The second group of OSSE hindcasts evaluates the added value of assimilating additional T/S profiles provided by expanded PIES arrays in the LC region (hindcast “AVISO-extdPIES-SST, Figure 7E). The expansion of the PIES and mooring sites in the eastern GOM for better observation of the LC and LCE was proposed at the time of UGOS-1. This experiment is similar to hindcast “AVISO-PIES-SST” (Figure 7D), except for the additional PIES T/S profiles that are assimilated during the hindcast.

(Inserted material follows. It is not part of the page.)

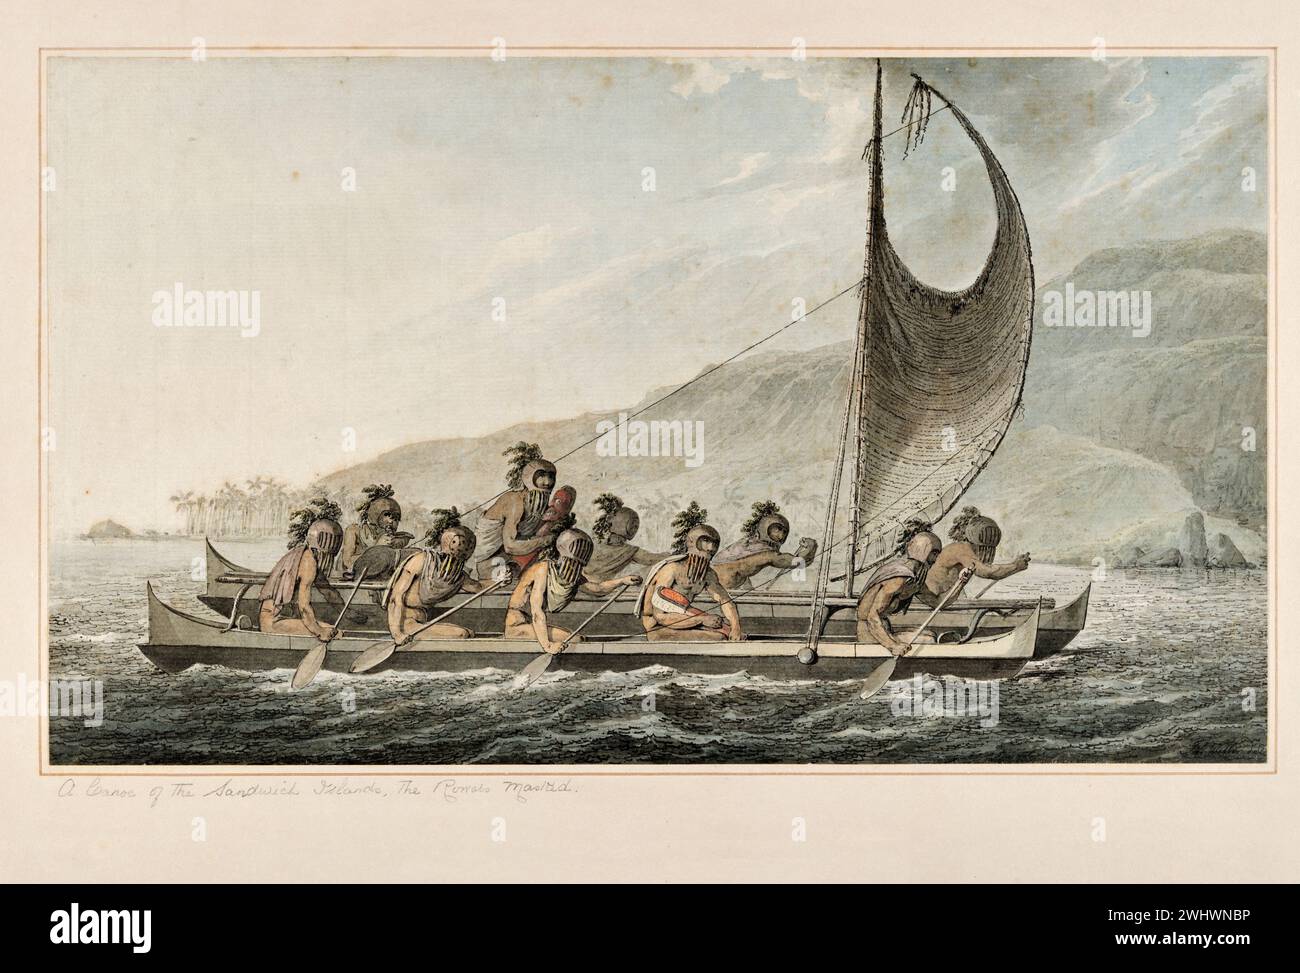 Una canoa delle Isole Sandwich, i Rowers Masked. Da "acquerelli che illustrano l'ultimo viaggio del capitano Cook" ca. 1773-1784 di John Webber. Webber fu nominato artista topografico e salpò con Cook nel terzo viaggio Foto Stock
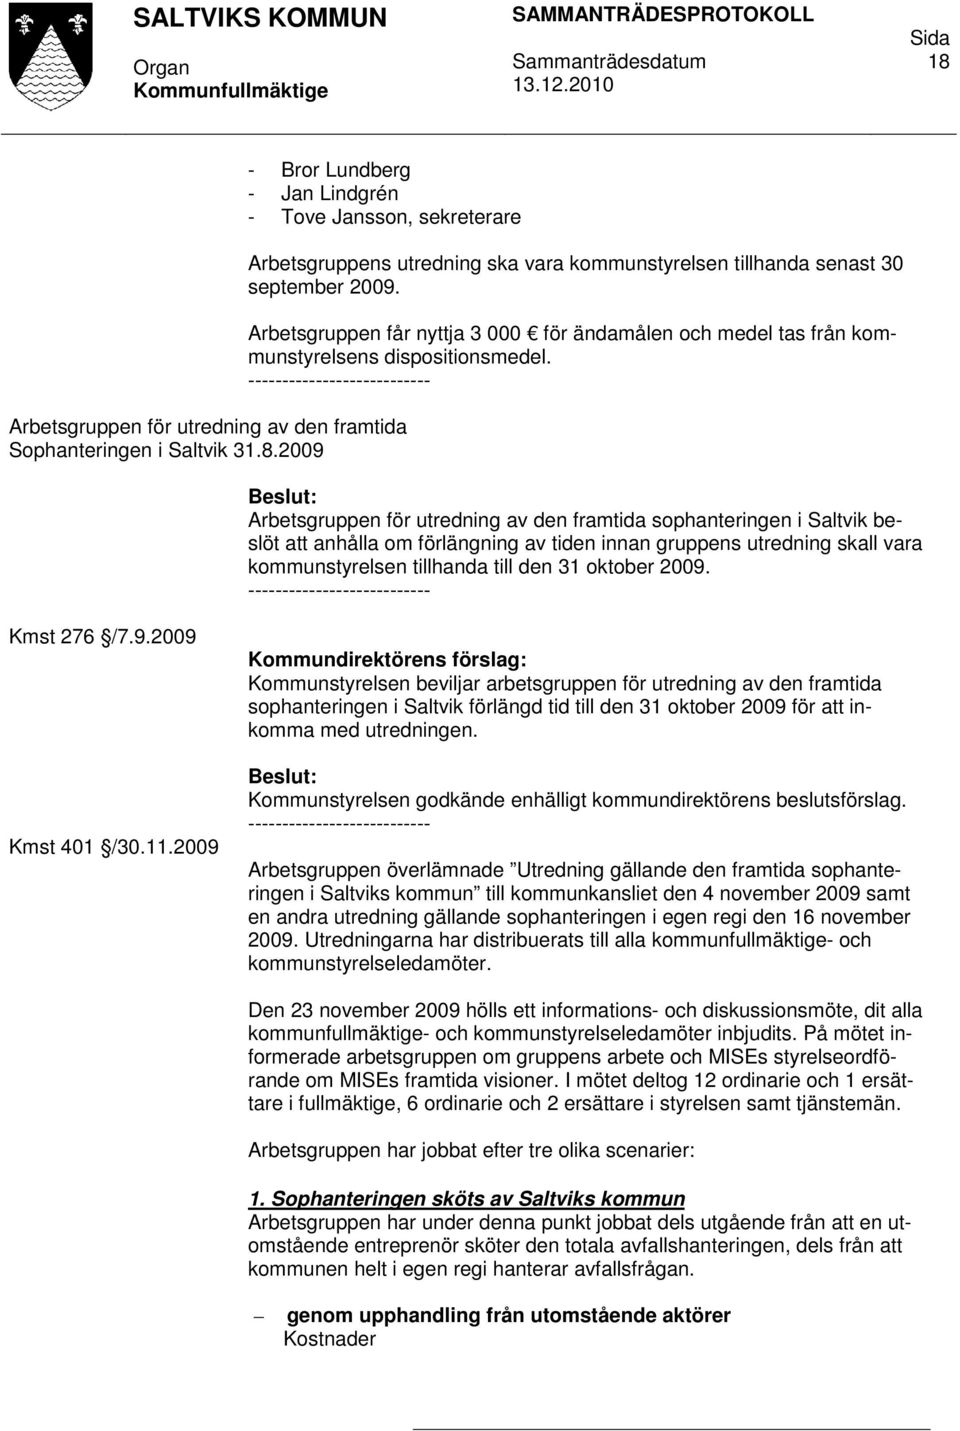 Arbetsgruppen för utredning av den framtida sophanteringen i Saltvik beslöt att anhålla om förlängning av tiden innan gruppens utredning skall vara kommunstyrelsen tillhanda till den 31 oktober 2009.

The last group combines idealized cases when unlimited information is available for constraining the 1/32.5° IAS HYCOM simulation. In hindcast “FULL-SSH”, complete information about the sea surface height (SLA from the NR) is provided to the data assimilation algorithm (Figure 7F). In the two other hindcasts (“TS30-SST” and “TS60-SST”), only subsurface T/S fields and SST are assimilated and no SLA fields are used. For these hindcasts, the T/S profiles are derived from the NR at every 30^th (Figure 7G) and 60^th (Figure 7H) NEMO grid points in the GoM. Thus, the two hindcasts differ in the density of T/S profiles over the GoM.

The last hindcast (“NEMO-INT”) represents a highly idealized case imitating a perfect assimilation of the 3D ocean state into the forecasting system. There are two sources of errors contributing to forecast error: errors in the initial conditions and errors associated with numerical models used in the forward simulation. In complex forecast systems, these two components cannot be easily separated. One practical way for doing this is to provide perfect initial conditions and evaluate the forecast error growth. In order to substantially reduce the uncertainty in the predictive skills of the model due to errors in the data assimilation process, the NEMO fields are directly interpolated into the 1/32.5° IAS HYCOM horizontal grid and vertical layers. Outside the NEMO domain (Figure 1), the GLORYS12 fields are interpolated onto the IAS HYCOM grid. This approach significantly reduces the error of the “analysis” (demonstrated in the following section) providing the best possible initial state for the OSSE forecast experiments. Therefore, this experiment provides an estimate of the best predictive skill for this configuration of the 1/32.5° IAS HYCOM if a perfect initial state could be provided by the analysis. Validation of the SSH, subsurface T/S fields, and the LC frontal position have shown a very close match of the interpolated fields to the NR. Hindcast “NEMO-INT” is not a true analysis run and it is therefore not discussed in the OSSE hindcasts section 4.2. The forecasts initialized from the interpolated NEMO fields are analyzed and compared to the other OSSE forecasts.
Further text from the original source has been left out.